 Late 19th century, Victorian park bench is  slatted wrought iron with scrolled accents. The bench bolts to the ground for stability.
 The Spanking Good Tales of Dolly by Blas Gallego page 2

====================

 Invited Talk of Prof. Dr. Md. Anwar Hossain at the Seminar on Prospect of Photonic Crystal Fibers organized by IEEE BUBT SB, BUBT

====================

◆ YOUR INSTRUCTIONS
Everything from the line containing "Late 19th century, Victorian" through the line containing "The Spanking Good" in the material above should be retyped exactly, both ends included, and nothing more.

◆ OUTPUT OF THE EXERCISE
 Late 19th century, Victorian park bench is  slatted wrought iron with scrolled accents. The bench bolts to the ground for stability.
 The Spanking Good Tales of Dolly by Blas Gallego page 2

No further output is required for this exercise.